The award was given in recognition of Graeme's development of the magazine Canadian Artificial Intelligence in the 1980s. The Distinguished Service Award is given by CAIAC intermittently at the annual Canadian AI Conference to acknowledge extraordinary service to the organization.
IFIP Silver Core Award
Professor Wayne Enright was honoured with a 2007 Silver Core Award from the International Federation for Information Processing (IFIP).
The Silver Core Award is granted to those who have amde an impact at IFIP through activites such as serving on committees and assisting with conferences. Past UofT Computer Science recipients inclide Ken Sevcik and C.C. Gotlieb.
CAIMS Dissertation Award
The Canadian Applied and Industrial Mathematics Society (CAIMS) awarded Richard Pancer the 2007 Doctoral Dissertation Award for his thesis, entitled "The Parallel Solution of ABD Systems Arising in Numerical Methods for BVPs for ODEs". This award is given on an annual basis to recognize an outstanding PhD thesis in Applied Mathematics defended at a Canadian University during the 2006 calendar year. To see the original news story, click here.
Early Research Award
In November 2006, the Ontario Ministry of Research and Innovation honoured CMS faculty member Nick Koudas with an ERA in recognition of academic achievements, showing a strong vote of confidence in his research efforts. Koudas was 1 of only 20 ERA recipients at the UofT and 104 winners throughout the province. The ERA program, supported by the Ontario Ministry of Research and Innovation, is part of the province's wider research and innovation strategy, which aims to attract and develop the best and most promising researchers.

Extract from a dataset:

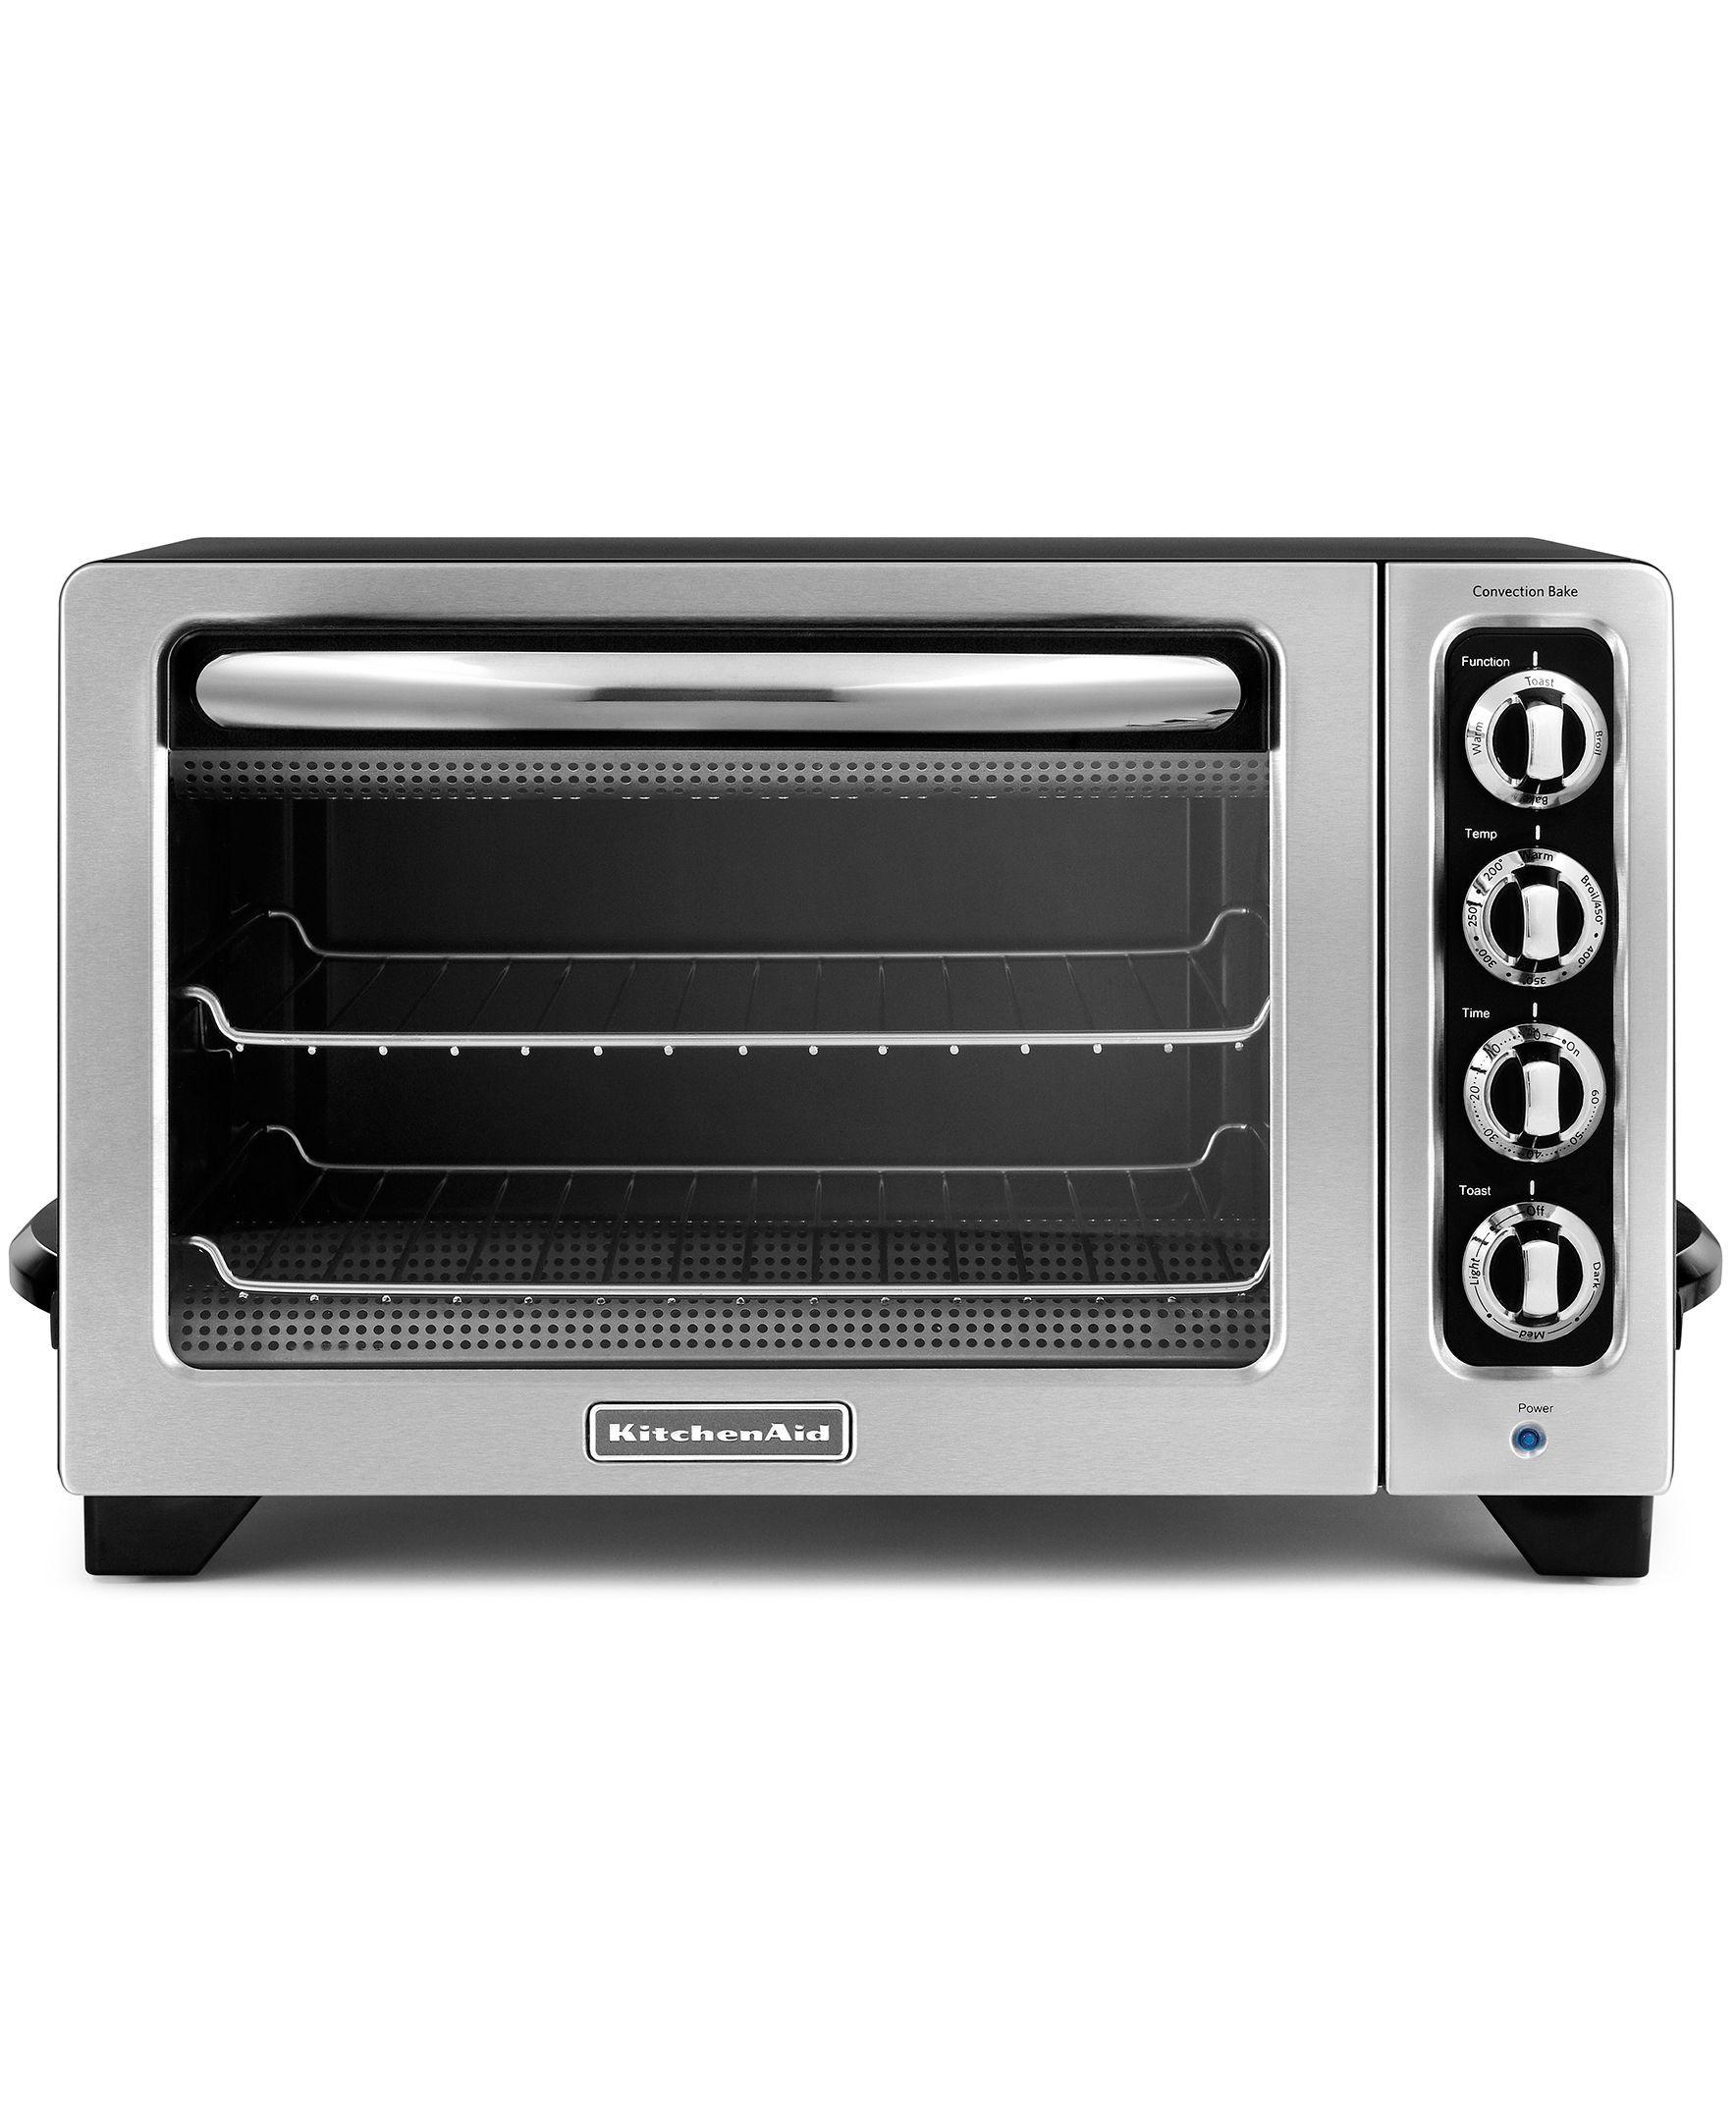 Kitchenaid Kco222ob Countertop Toaster Oven Countertop Toaster

Killam Research Fellowship
In 2003 Professor John Friedlander received the Killiam Research Fellowship, one of Canada's most prestigious research awards. Killam Research Fellowships, with a value of $70,000 a year, enable Canadian scientists and scholars to devote two years to full-time research. The recipients are chosen by the Killam Selection Committee, which comprises 15 eminent scientists and scholars representing a broad range of disciplines.
CRM-Fields Prize
The Centre de recherches mathématiques and the Fields Institute are pleased to announce the winner of the 2002 CRM-Fields Prize: John B. Friedlander of the University of Toronto Scarborough. Professor Friedlander is one of the world's foremost analytic number theorists, and is a recognized leader in the theory of prime numbers and L-functions. He received his B.Sc. from the University of Toronto in 1965, an M.A. from the University of Waterloo in 1966, and a Ph.D. from Penn State in 1972. He was a lecturer at M.I.T. in 1974-76, and has been on the faculty of the University of Toronto since 1977, where he served as Chair during 1987-91. He has also spent several years at the Institute for Advanced Study where he has collaborated with E.Bombieri and many others. Friedlander is a Fellow of the Royal Society of Canada (1988), was an invited lecturer at the 1994 ICM in Zürich and delivered the CMS Jeffery-Williams Lecture in 1999. He has contributed significantly to mathematics in other ways, especially in Canada, through his role at NSERC (Mathematics GSC, 1991-94), as Mathematics Convenor of the Royal Society of Canada (1990-93), and as a Council member (1989-95) and Scientific Advisory Panel member (1996-2000) of the Fields Institute. He has served on the Editorial Board of the Canadian Journal of Mathematics and the Canadian Mathematics Bulletin for the past 4 years.